*Data shown:*
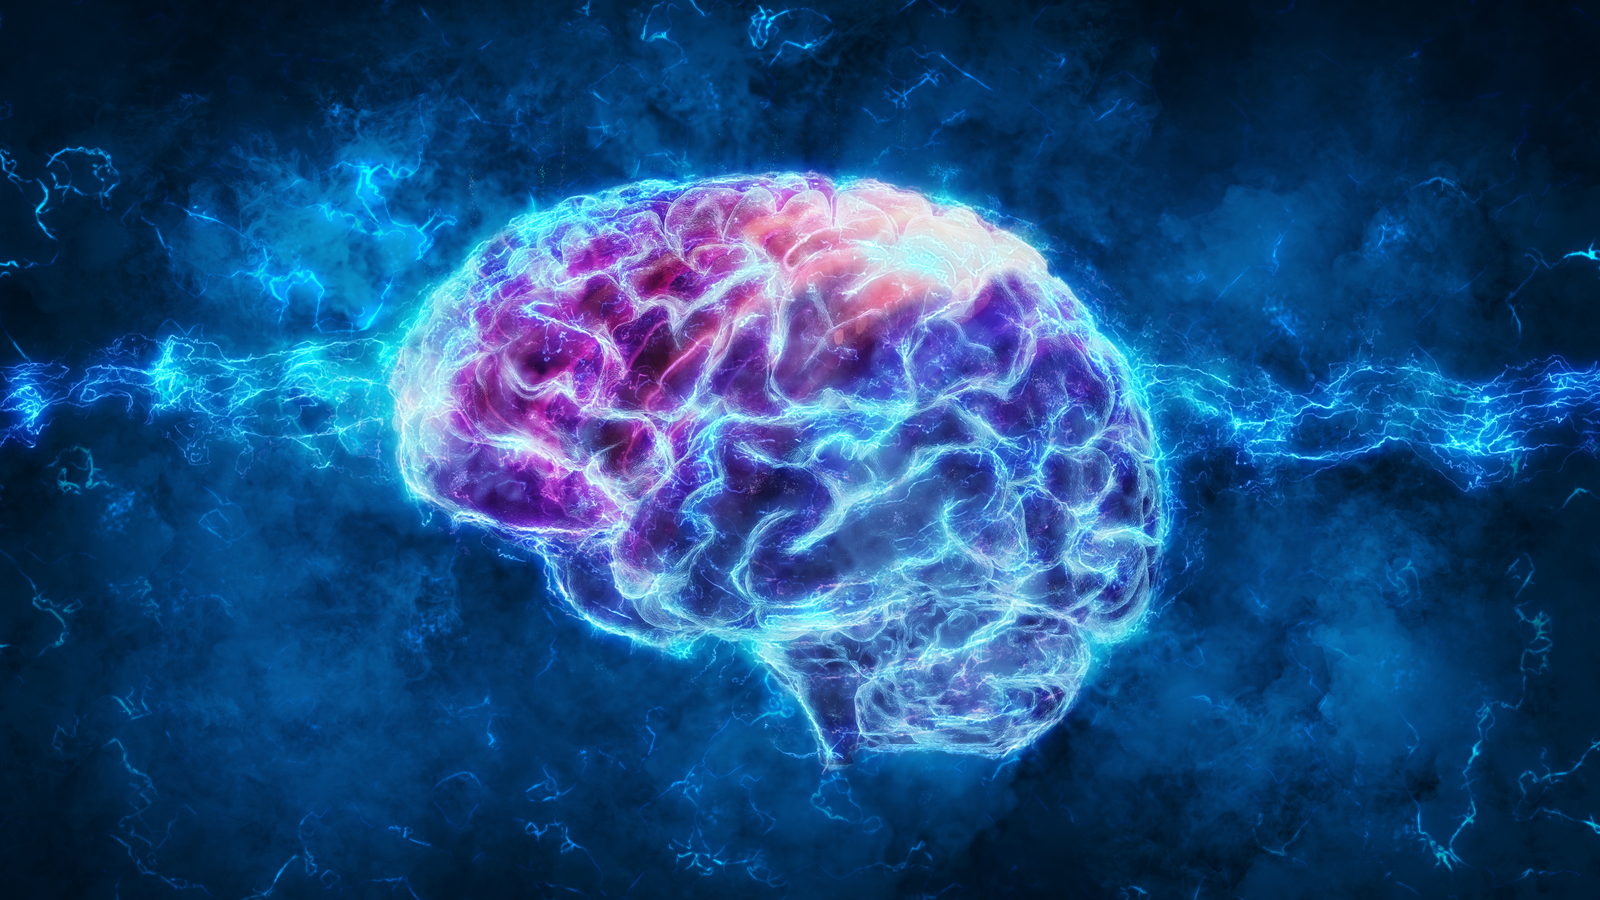 A concept image of a glowing blue brain representing NRBO stock.
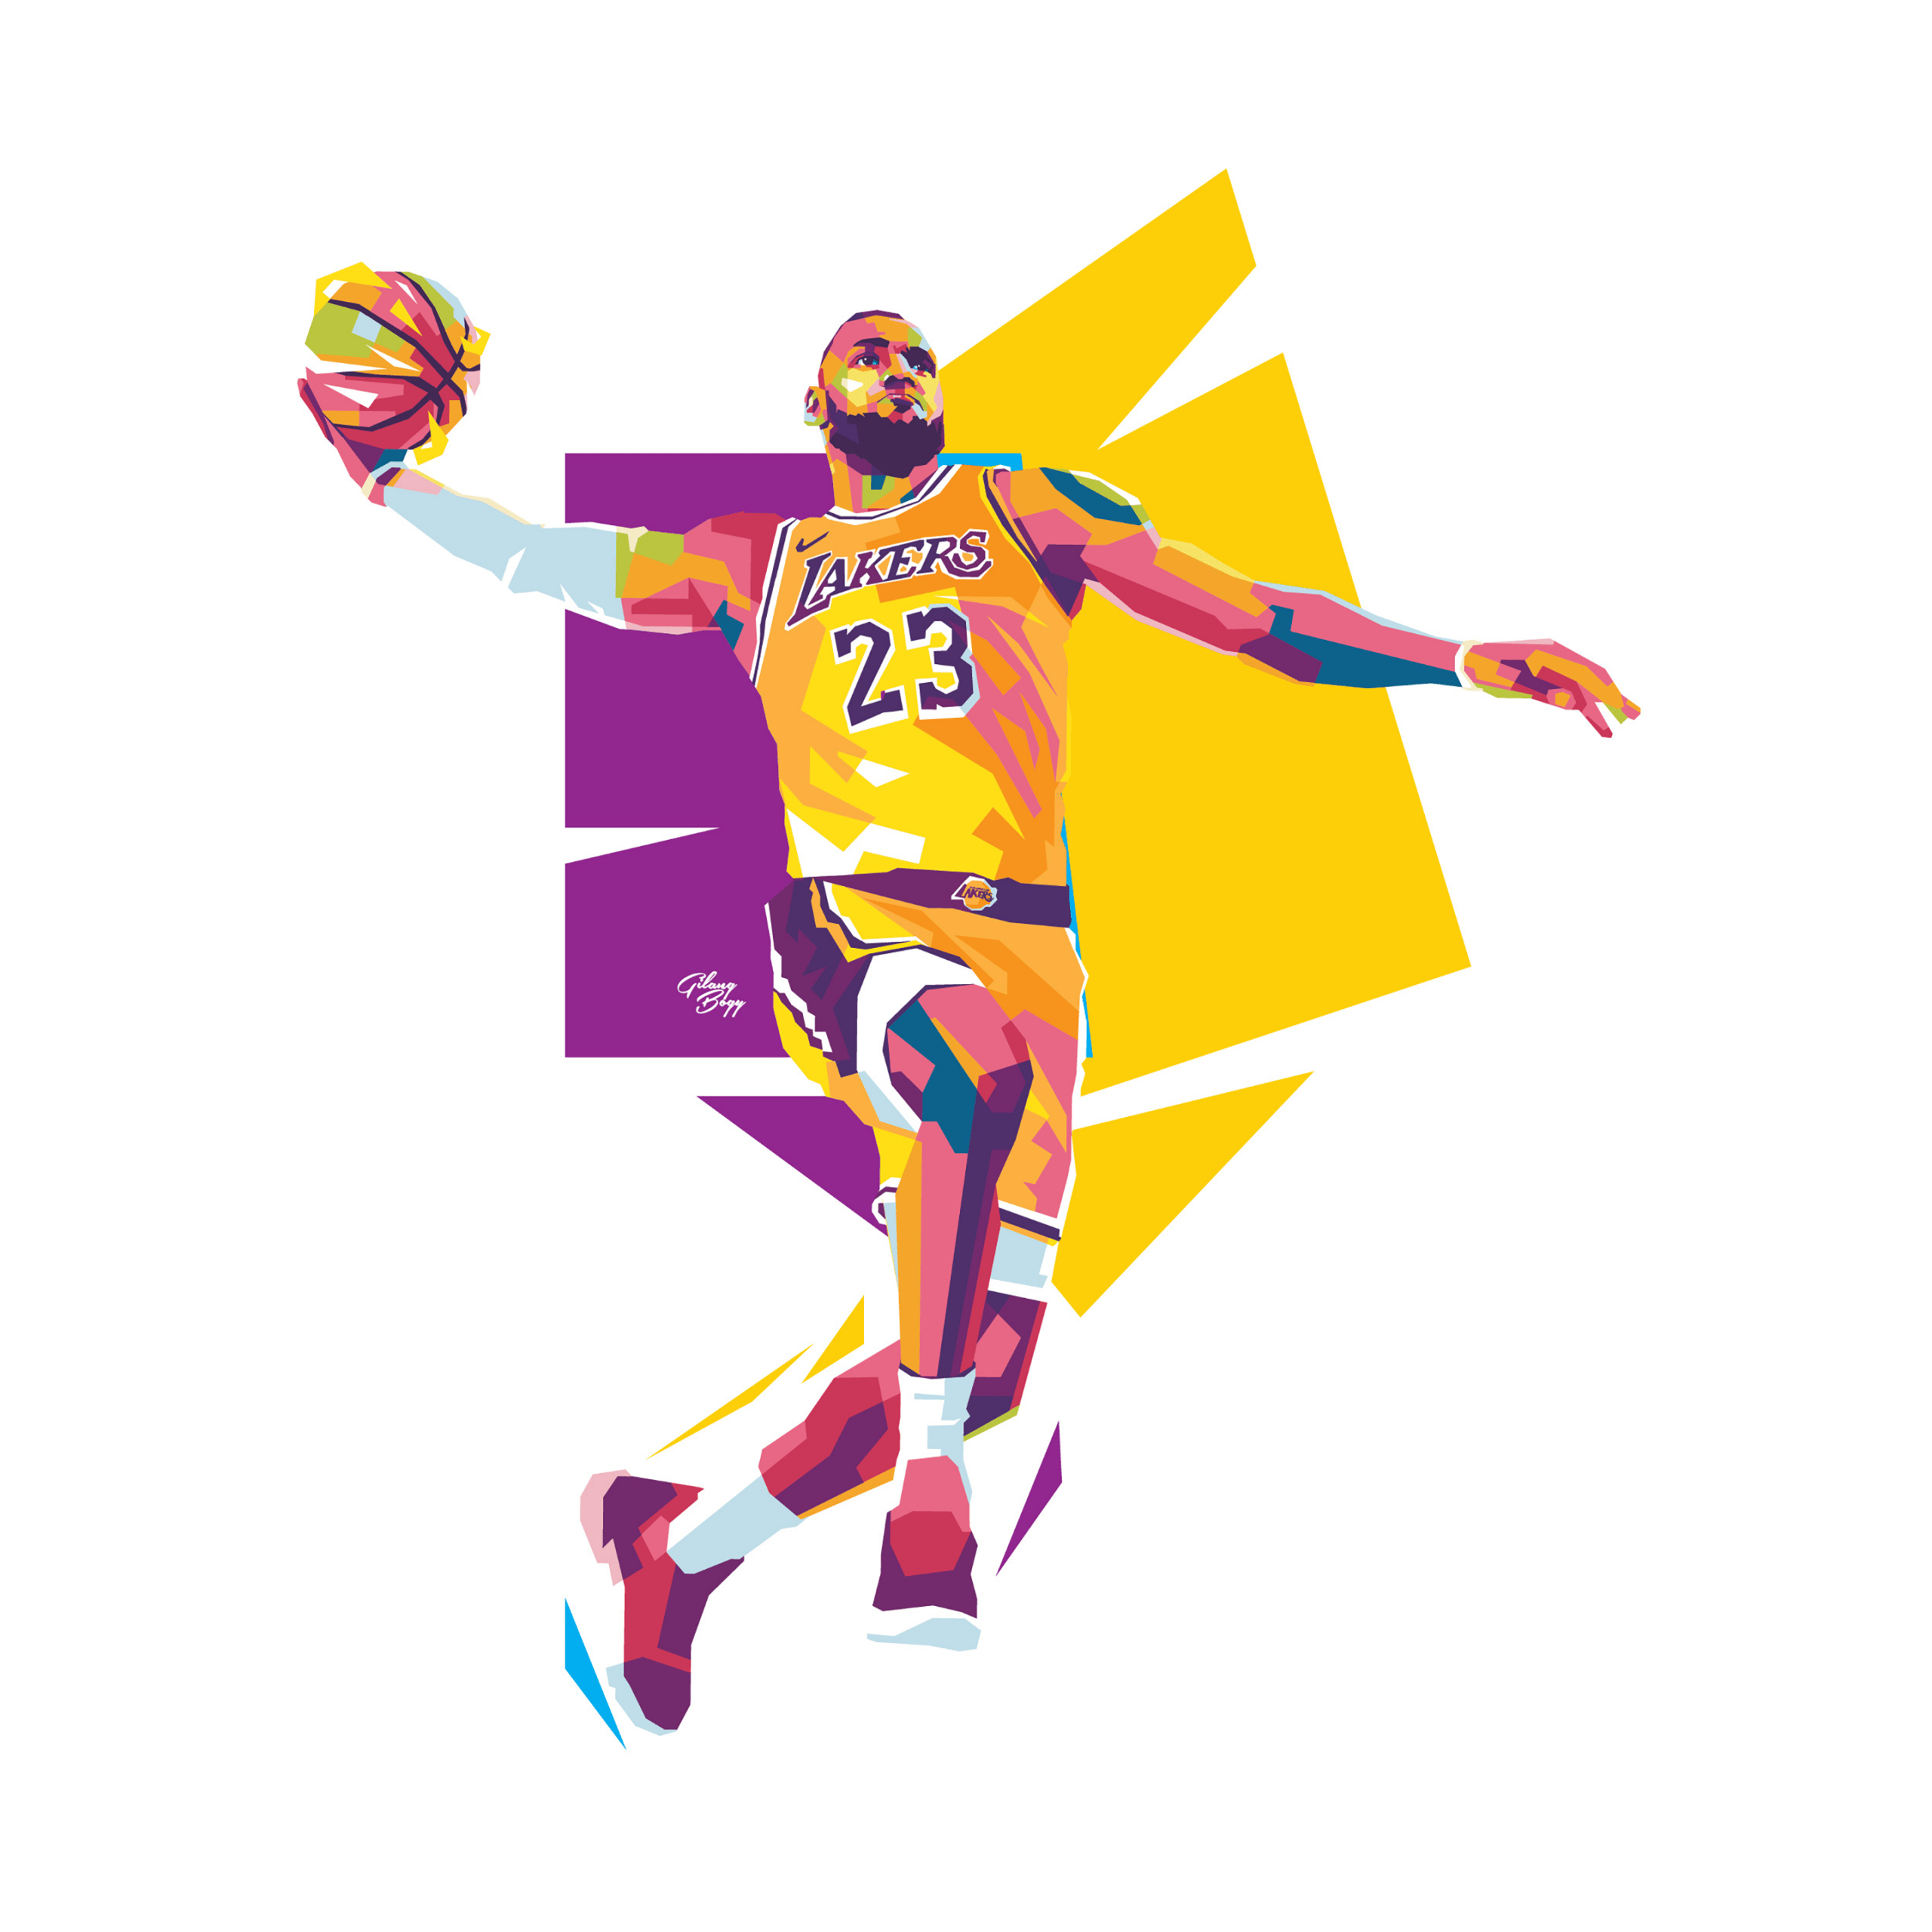 Lebron James, Los Angeles Lakers, in colorful low poly pop art style. Perfect for a basketball fan or player. - Los Angeles Lakers, Lebron James
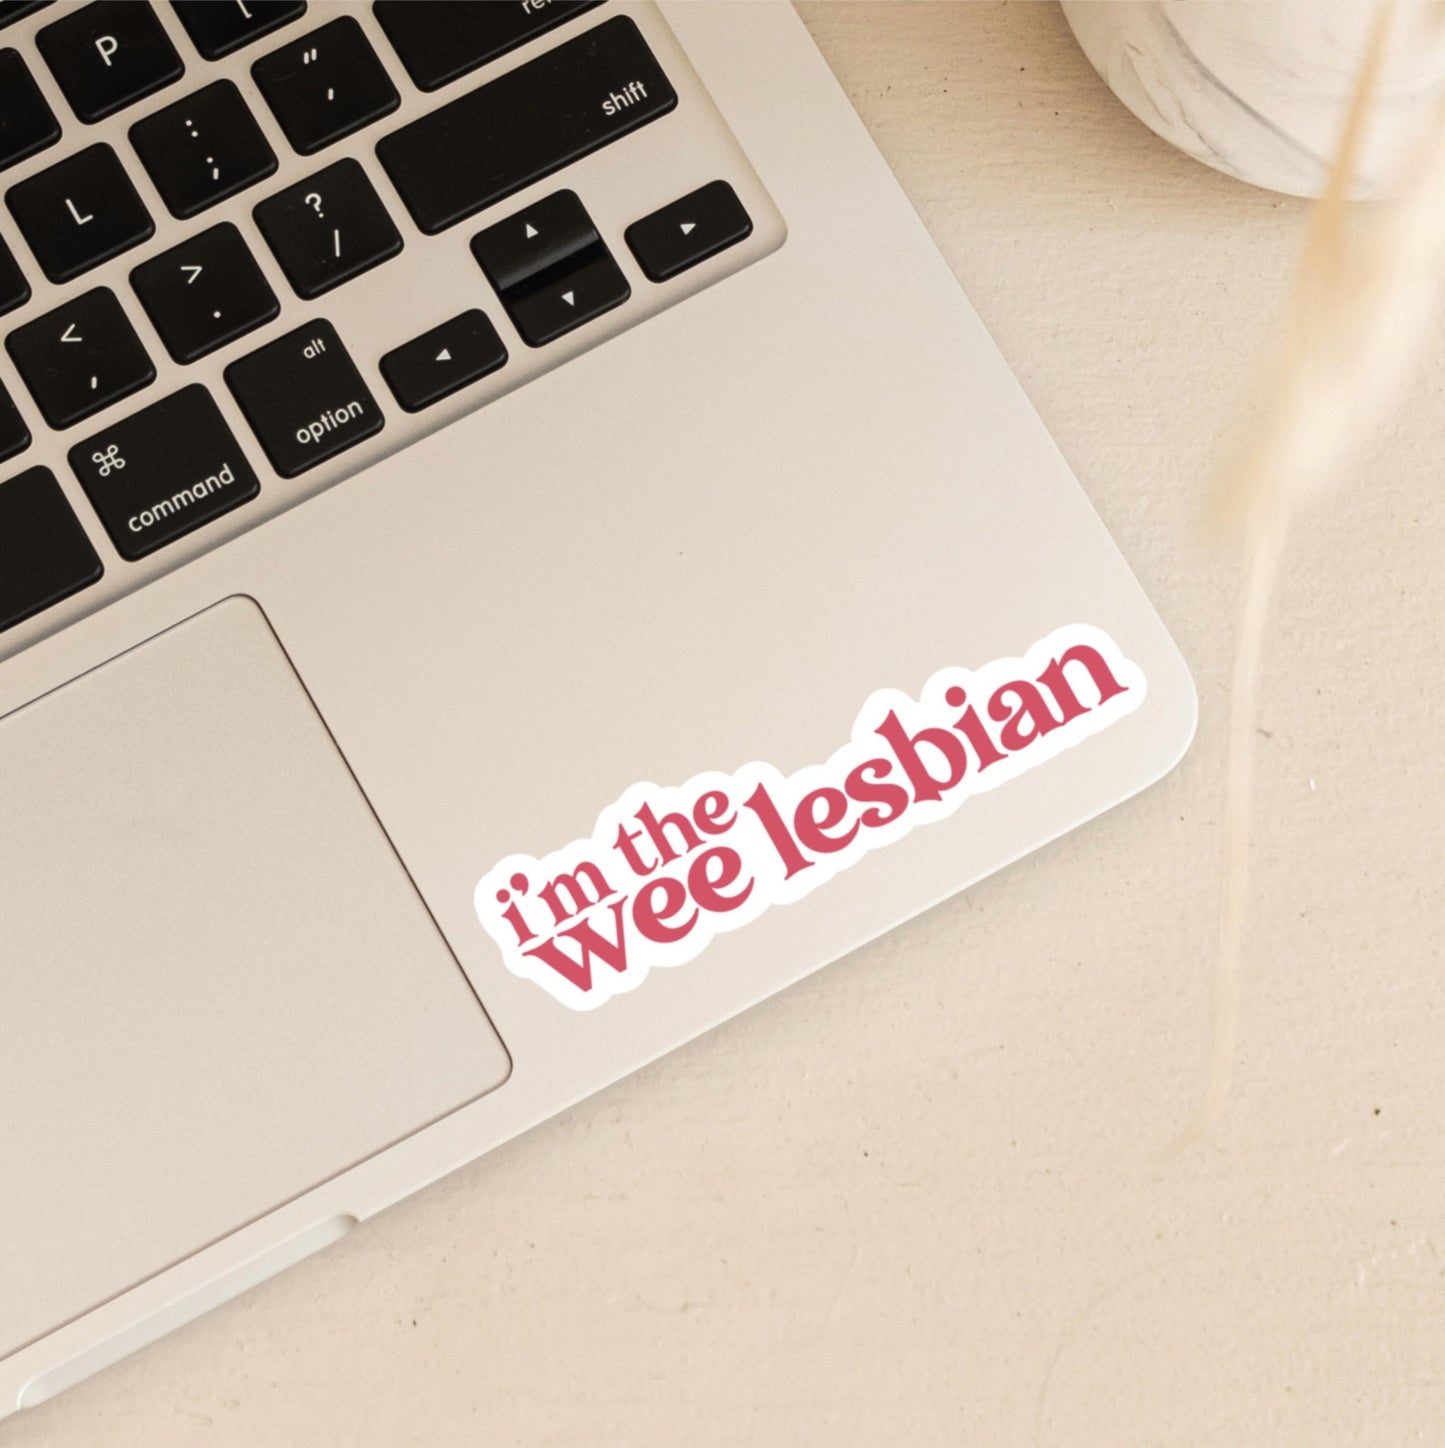 I'm the Wee Lesbian! | Clare | Derry Girls Stickers

*Your objective:* The expected output is the material above, repeated exactly and free of pictures.

*Expected answer:*
 A concept image of a glowing blue brain representing NRBO stock.
 Lebron James, Los Angeles Lakers, in colorful low poly pop art style. Perfect for a basketball fan or player. - Los Angeles Lakers, Lebron James
 I'm the Wee Lesbian! | Clare | Derry Girls Stickers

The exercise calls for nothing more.